Return JS::Substring objects from the builtin regexp exec and split
paths instead of eagerly copying UTF-16 slices into new strings.
Matches, captures, and split pieces can now point back at the original
input until someone asks for the string contents.
Add focused runtime coverage for UTF-16 captures and regex split
captures so these lazy slices stay exercised.
Detect literal tails that lie on the linear success path and reject
matches early when that literal never appears in the remaining input.
This lets /(a+)+b/ fail quickly on long runs of a instead of spending
its backtracking budget proving that the missing b can never match.
Keep the tail analysis cheap while doing this. The new required-literal
hint reuses trailing-literal extraction, so rewrite the linear-tail
check to compute predecessor counts in one pass instead of rescanning
the whole program for every instruction. That keeps large regex parses,
including the large bytestring constructor test, fast.

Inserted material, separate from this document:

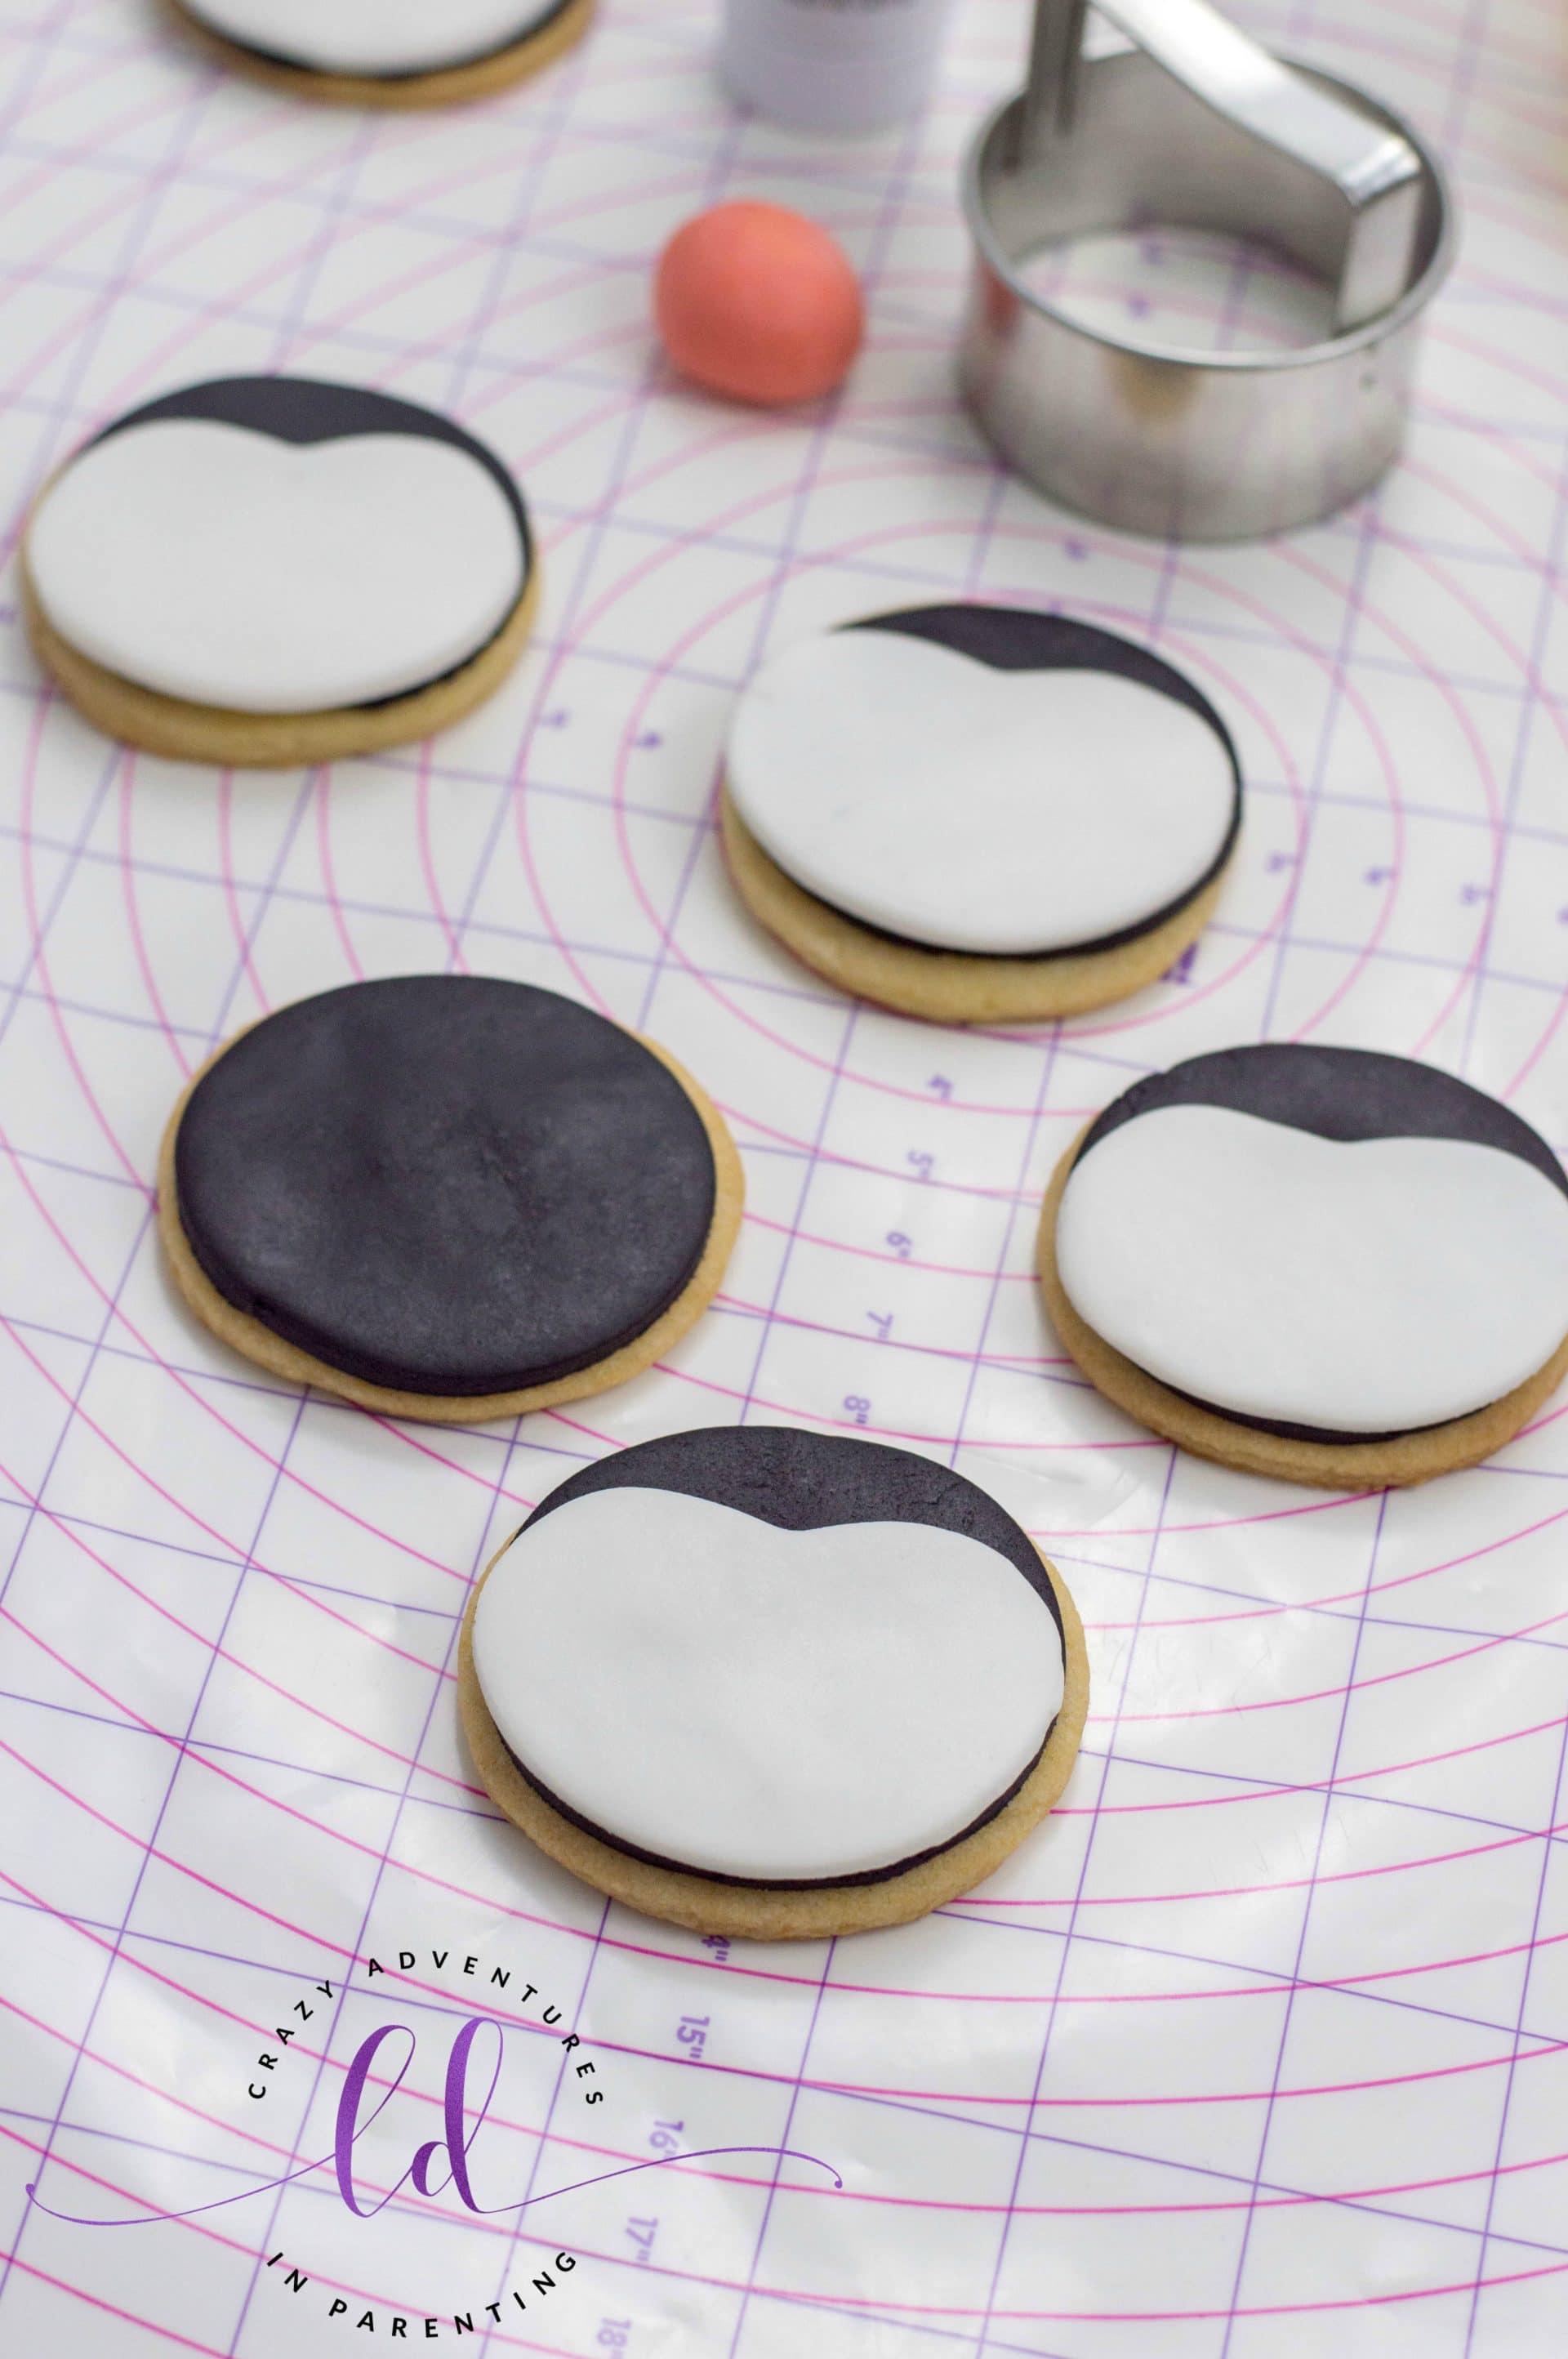 Add Fondant to Penguin Cookies

Add a regression test for ("a".repeat(25)).match(/(a+)+b/), which
should return null without throwing a backtrack-limit error.
Patterns like `^(a|a?)+$` build a split tree where each `a` can be
matched by either alternative. On short non-matching inputs that still
blows through the backtrack limit even though the two alternatives are
semantically equivalent to a single greedy optional matcher.

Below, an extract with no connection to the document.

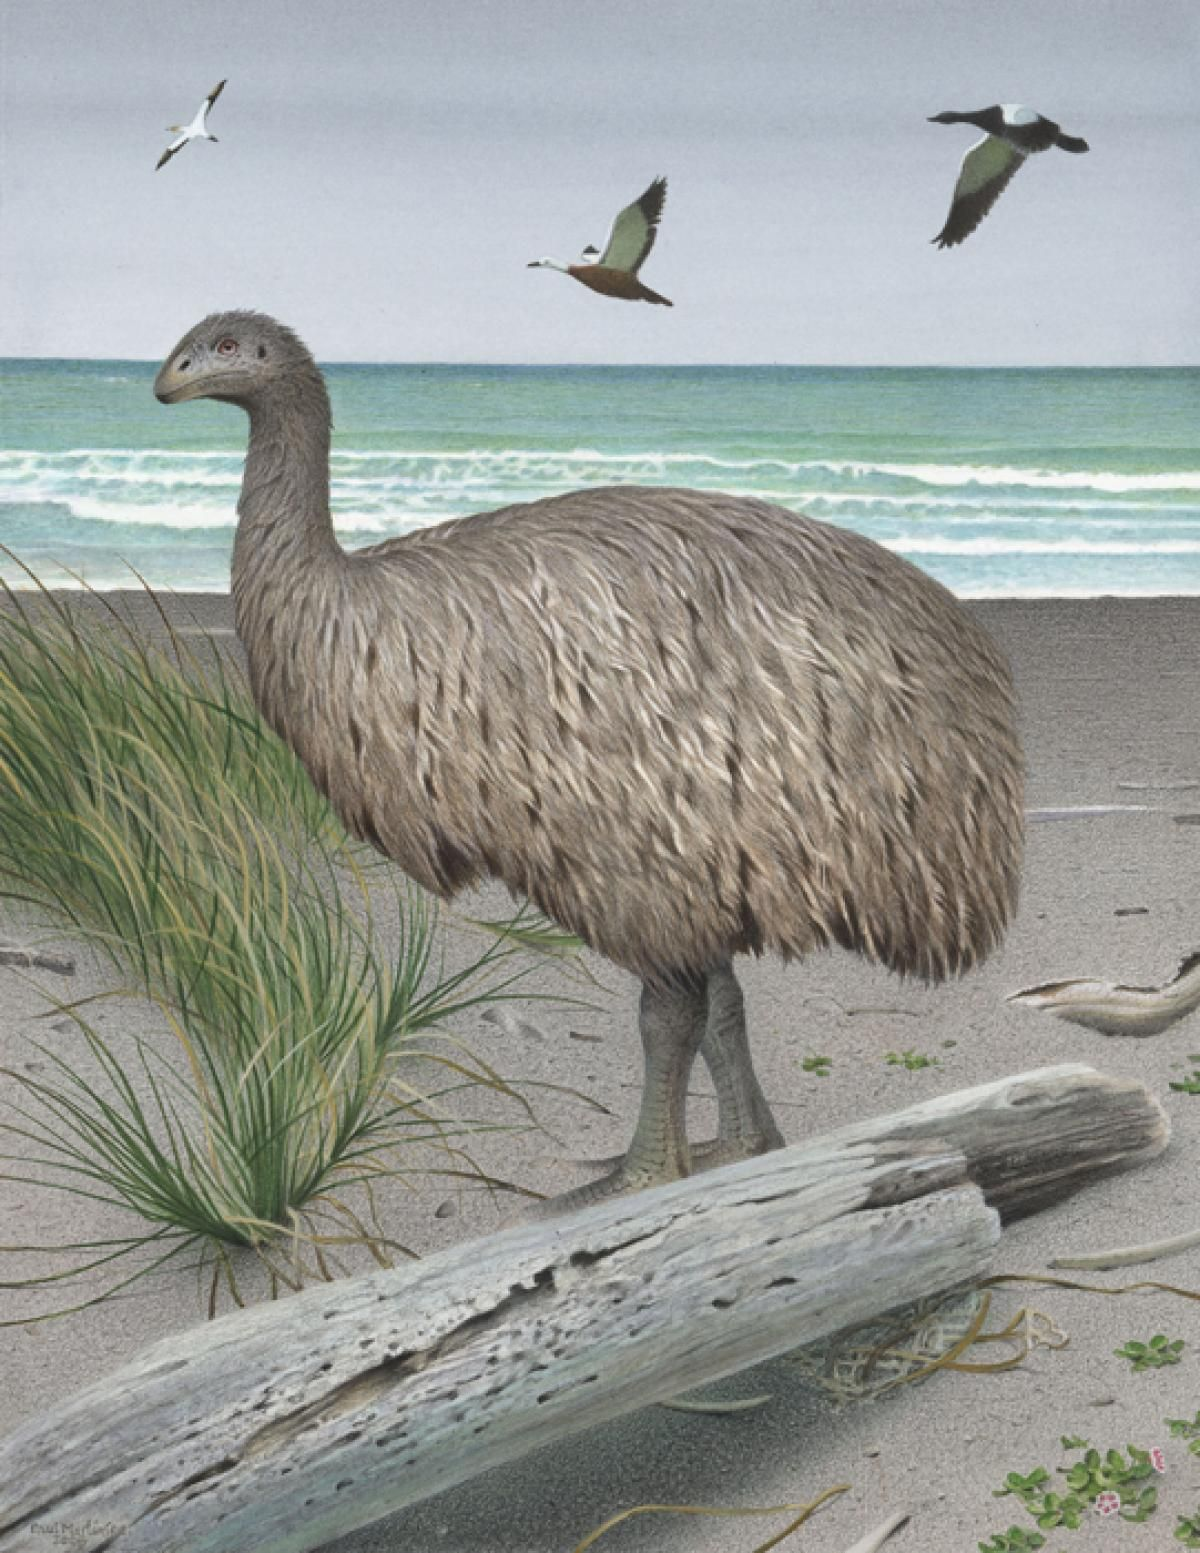 Euryapteryx Curtus Or The Coastal Moa By Paul Martinson

Detect the narrow case of two single-term alternatives that compile to
the same simple matcher, where one is required and the other is greedy
`?`, and compile them as that single optional term instead of emitting
a disjunction.
Add a String.prototype.match regression for
("a".repeat(25) + "b").match(/^(a|a?)+$/), which should return null
instead of throwing an InternalError.
Backward Char instructions read the code point immediately to the left
of the current position, but the greedy loop backtracking optimization
was scanning for the next literal at the current position itself.
That meant a lookbehind like `(?<=h.*)THIS` never reconsidered the
boundary after `h`, so valid matches were missed.
When the quantified part was allowed to shrink to zero, as in the
reported `(?<!.*q.*?)(?<=h.*)THIS(?=.*!)` pattern, the same
backtracking bug could thrash badly enough to appear hung.
Fix the backward greedy-loop scan to test candidate boundaries against
the code units immediately to their left. Do the same for supplementary
characters by checking the surrogate pair ending at that boundary.
Add String.prototype.match regressions for both the simple greedy
lookbehind and the full reported pattern.
RepeatMatcher retries a quantified atom with its own captures cleared,
but if an additional greedy iteration matches the empty string the
engine must fall back to the pre-iteration state. The fast VM path was
clearing capture registers after backtracking from ProgressCheck,
which meant the restored state from the previous successful iteration
was immediately wiped out.
That showed up with nested quantified captures like
"xyz123xyz".match(/((123)|(xyz)*)*/), where the final empty expansion
of the outer `*` discarded the last non-empty captures and returned
undefined for groups 1 and 4.
The same area also needs to track each zero-width-capable iteration's
start position explicitly. Initializing that state with ProgressCheck
stored the end of the previous repetition instead, which regressed
patterns like `/(a*)*/` by letting an empty iteration commit `""`
into the capture instead of falling back to the pre-iteration state
with an undefined capture.
Clear captures before backtracking from a rejected empty iteration,
and save iteration starts before entering quantified bodies so
ProgressCheck only decides whether that iteration made progress.
Add regressions for the reported nested quantified capture case and
for `/(a*)*/.exec("b")`, which should leave the capture undefined.
Switch LibJS `RegExp` over to the Rust-backed `ECMAScriptRegex` APIs.
Route `new RegExp()`, regex literals, and the RegExp builtins through
the new compile and exec APIs, and stop re-validating patterns with the
deleted C++ parser on the way in. Preserve the observable error
behavior by carrying structured compile errors and backtracking-limit
failures across the FFI boundary. Cache compiled regex state and named
capture metadata on `RegExpObject` in the new representation.
Use the new API surface to simplify and speed up the builtin paths too:
share `exec_internal`, cache compiled regex pointers, keep the legacy
RegExp statics lazy, run global replace through batch `find_all`, and
optimize replace, test, split, and String helper paths. Add regression
tests for those JavaScript-visible paths.